In upholding that ruling, the appeals court pointed out that the incident occurred in a public place and concluded that Glik's recording of it in no way interfered with or hindered the police in making their arrest.

"Glik's exercise of his First Amendment rights fell well within the bounds of the Constitution's protections," Judge Lipez wrote. "Glik filmed the defendant police officers in the Boston Common, the oldest city park in the United States and the apotheosis of a public forum. In such traditional public spaces, the rights of the state to limit the exercise of First Amendment activity are 'sharply circumscribed.'" The court also denied the appeal for immunity from Glik's Fourth Amendment claim, finding the police lacked probable cause to believe that the recording violated the wiretapping law. The statute bans a secret recording or intercepting of wire or oral communications, and Glik's action was in the open and evident to the police at the time he was recording, the court ruled.        

"Simply put, a straightforward reading of the statute and case law cannot support the suggestion that a recording made with a device known to record audio and held in plain view is 'secret,'" Lipez wrote.

The court cited as precedent rulings in previous cases, including one in which a cable TV producer was found to be acting within his First Amendment rights when he recorded public officials conversing in a hallway at the Pembroke (Mass.) Town Hall following a meeting of the town's Historic District Commission. The newsgathering value protected by the First Amendment does not apply only to newspapers or over-the-air broadcast stations, the court said.

Moreover, changes in technology and society have made the lines between private citizen and journalist exceedingly difficult to draw. The proliferation of electronic devices with video-recording capability means that many of our images of current events come from bystanders with a ready cell phone or digital camera rather than a traditional film crew, and news stories are now just as likely to be broken by a blogger at her computer as a reporter at a major newspaper. Such developments make clear why the newsgathering protections of the First Amendment cannot turn on professional credentials or status.
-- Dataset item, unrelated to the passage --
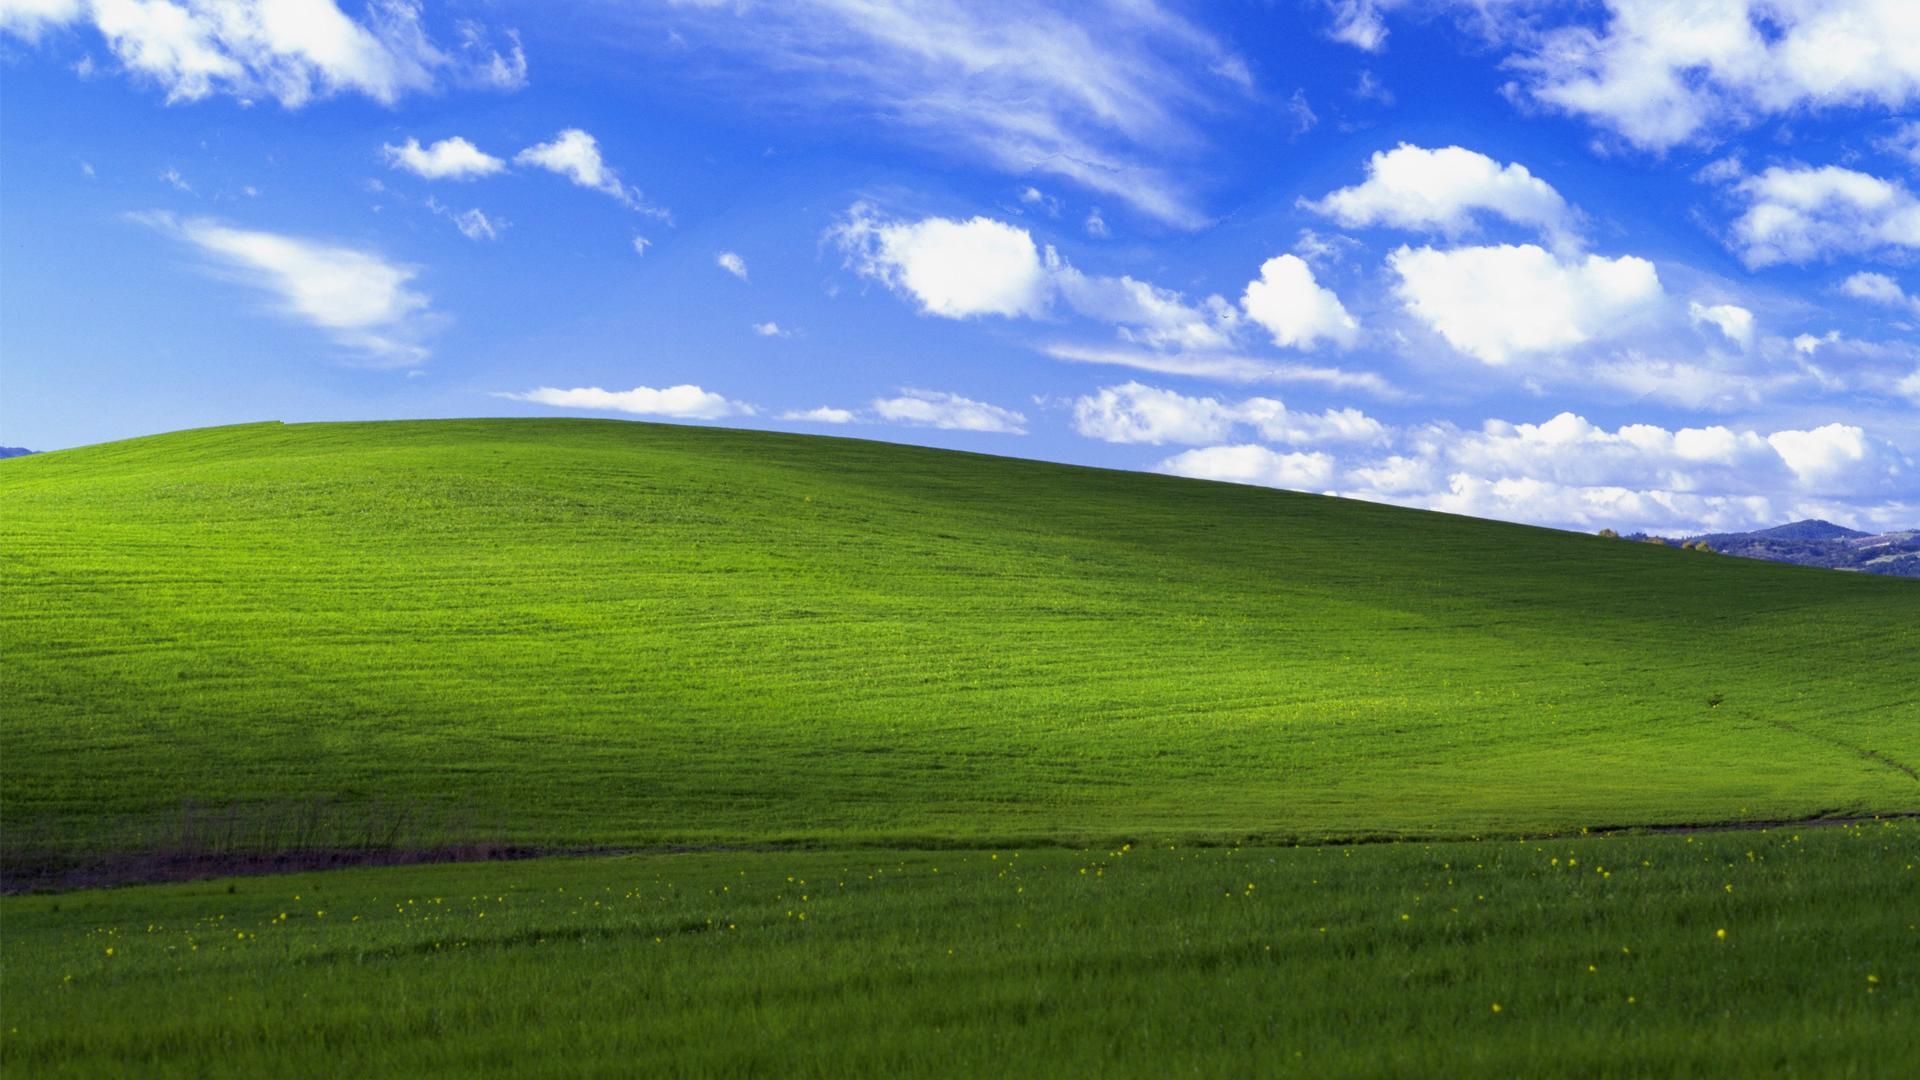 Những kỷ niệm khó quên về Windows XP đã được tái hiện lại trong hình ảnh này. Hãy dành phút giây để nhớ lại thời kỳ đó và cảm nhận sự thăng hoa trong công nghệ đã mang lại.

It remains to be seen what effect the ruling will have in Massachusetts and in other states on what has become a common police practice. The New Hampshire Union Leader noted Wednesday that arrests for recording police actions in public have been made in a number of New Hampshire communities, including Manchester, Nashua, Portsmouth, Keene, and Weare. In June of this year, a Rochester, New York, woman was charged with obstructing governmental administration for videotaping a police traffic stop from her own front yard. She was arrested when she continued to stay outside and tape after a police officer had told her to go inside. The state withdrew the charge and a judge dismissed the case. 

In some cases the arrests are made after the video is posted on the Internet. Stopped outside of Baltimore, Maryland, for speeding and reckless driving, motorcyclist Anthony Graber posted a video on YouTube a week later showing a plainclothes state trooper cutting him off and drawing a gun. Graber recorded the stop with a camera on his helmet. In April, police raided Graber's parents' home. "They confiscated his camera computers and external hard drives," ABC News reported. "Graber was indicted for allegedly violating state wiretap laws by recording the trooper without his consent."

Police arrested Sharron Tasha Ford in Boynton Beach, Florida, two years ago for videotaping an encounter between police and her teenage son at a movie theater.  Prosecutors chose not to file charges. Her lawyer, James Green, told ABC a video and/or audio recording is often the only evidence of police abuse or of a defendant's innocence. "Judges and juries want to believe law enforcement," Green said. "They want to believe police officers and unless you have credible evidence to contradict police officers, it's often very difficult to get judges or juries to believe the word of a citizen over a police officer."